The election this year reminds me very much of the 1980 Presidential race. Our country was in a mess but Ronald Reagan (a former Democrat and actor) was running as a Republican for President. He said a lot of things that media didn't like. He was portrayed as a wild cowboy in his calls for defense build-ups, massive tax cuts and challenging the Soviet Union. A Republican that had run against Reagan in the primaries, John Anderson, ultimately filed as an Independent and made it a three person field in November.

Voters were ready for change but they had to be convinced that the risk of change with Reagan was preferable to the pain they were feeling in their everyday lives. The polls were close right to the end. Voters were torn.

I went home on Election Night expecting a close race based on what the polls were saying. However, Reagan won in a landslide and made the greatest transformation I have witnessed in government in my lifetime.

I get a sense we are in a similar situation today. How else do you explain the polls we are seeing? How can Trump be up 7 points right after the GOP convention and down 7 points a week later? It tells me that voters are deeply troubled. They clearly don't like Hillary and want change from the cronyism and corruption that has defined the Clintons over the years. However, they are not sold on Trump. They liked what they heard in Cleveland. It is what they are feeling. However, they fear making a bad bet on Trump.

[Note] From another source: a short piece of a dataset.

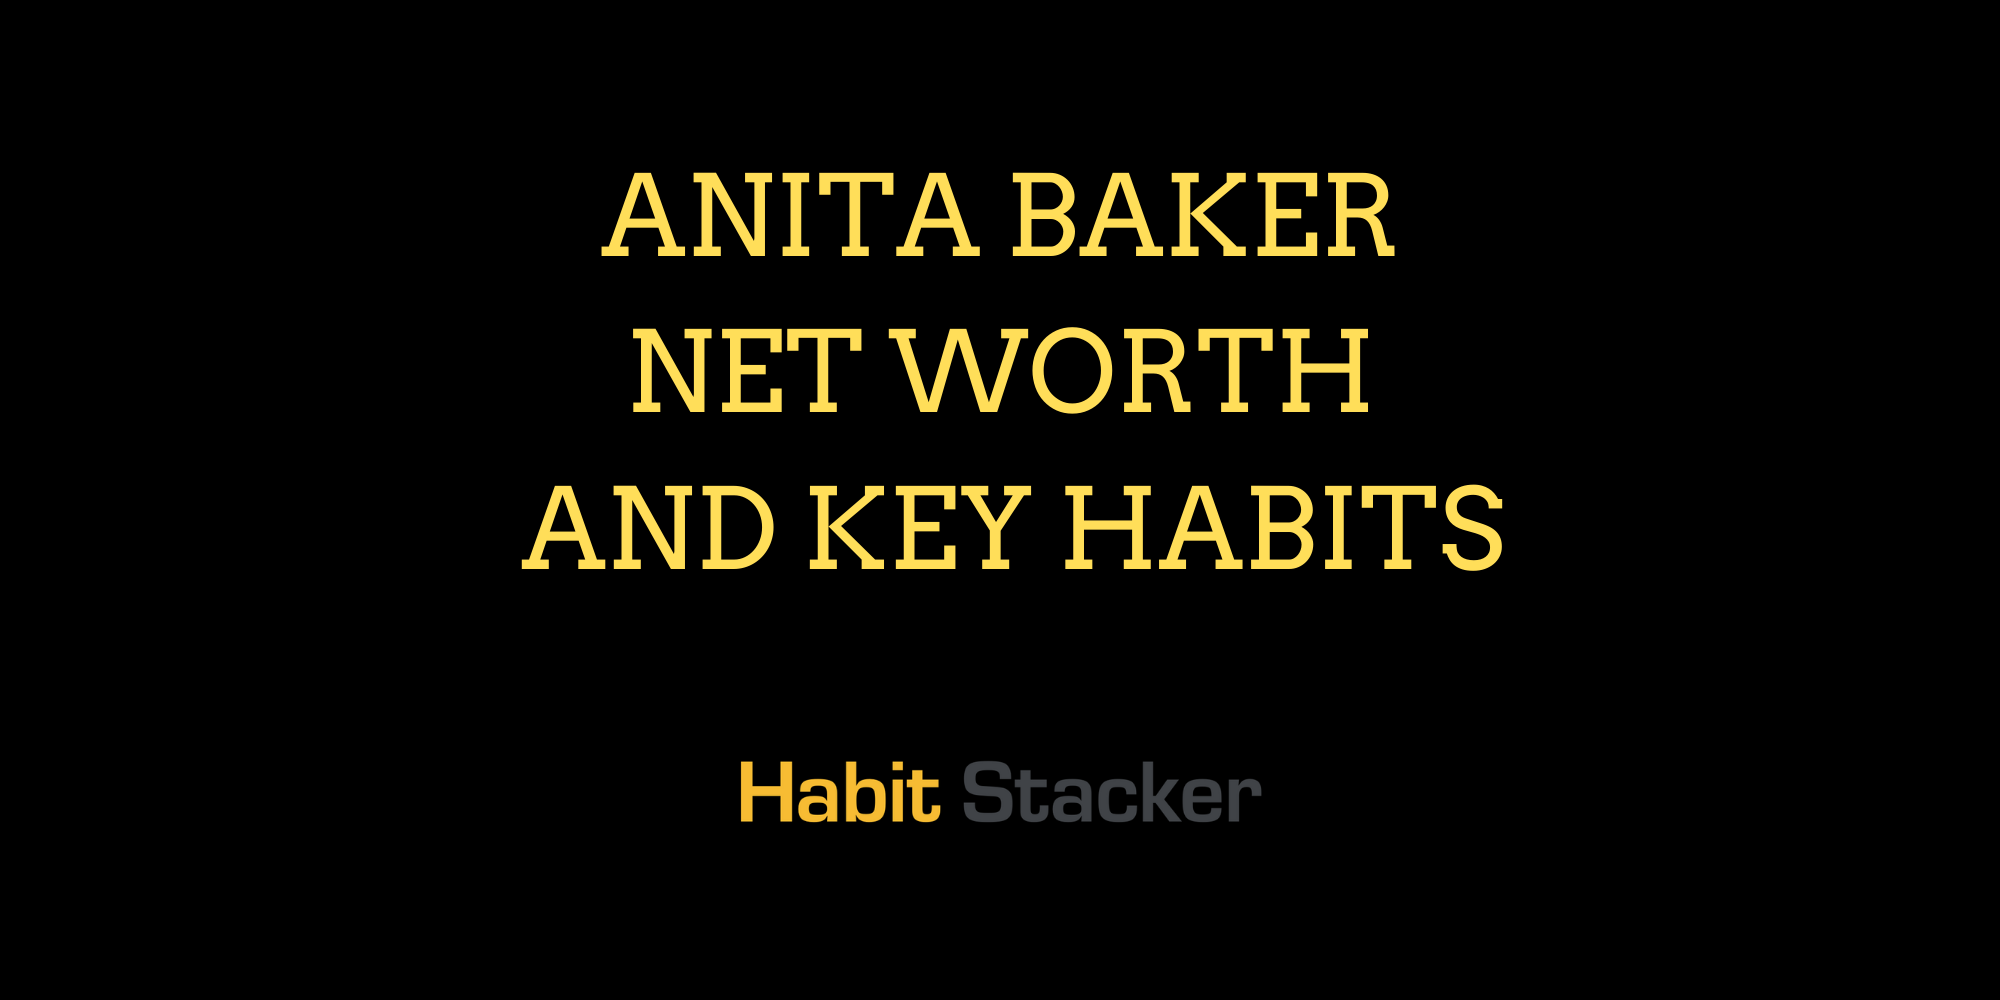 Anita Baker Net Worth and Key Habits

When people are in doubt they stay with the status quo.

Trump has one overriding goal from here on out. He has to remove the doubt about staying with the status quo.

To do that he needs to show that he can help tame the tempest we find ourselves in. He has to hit voters hard that we simply cannot stay with the status quo. Most importantly, he has to tame the tempest that swirls around him. He has to show that he is a reasonable man and a reasonable choice for change.

If he can, he will win. It is totally his to win or lose.

Trump say he is a winner. Is he prepared to do what it really takes to win? There are now less than 90 days to Election Day. He is really on the clock now.

Speaking of the clock, BeeLine is going to take a month's hiatus in order to rest and reflect for what promises to be a hectic Fall season of blog posts. See you in September!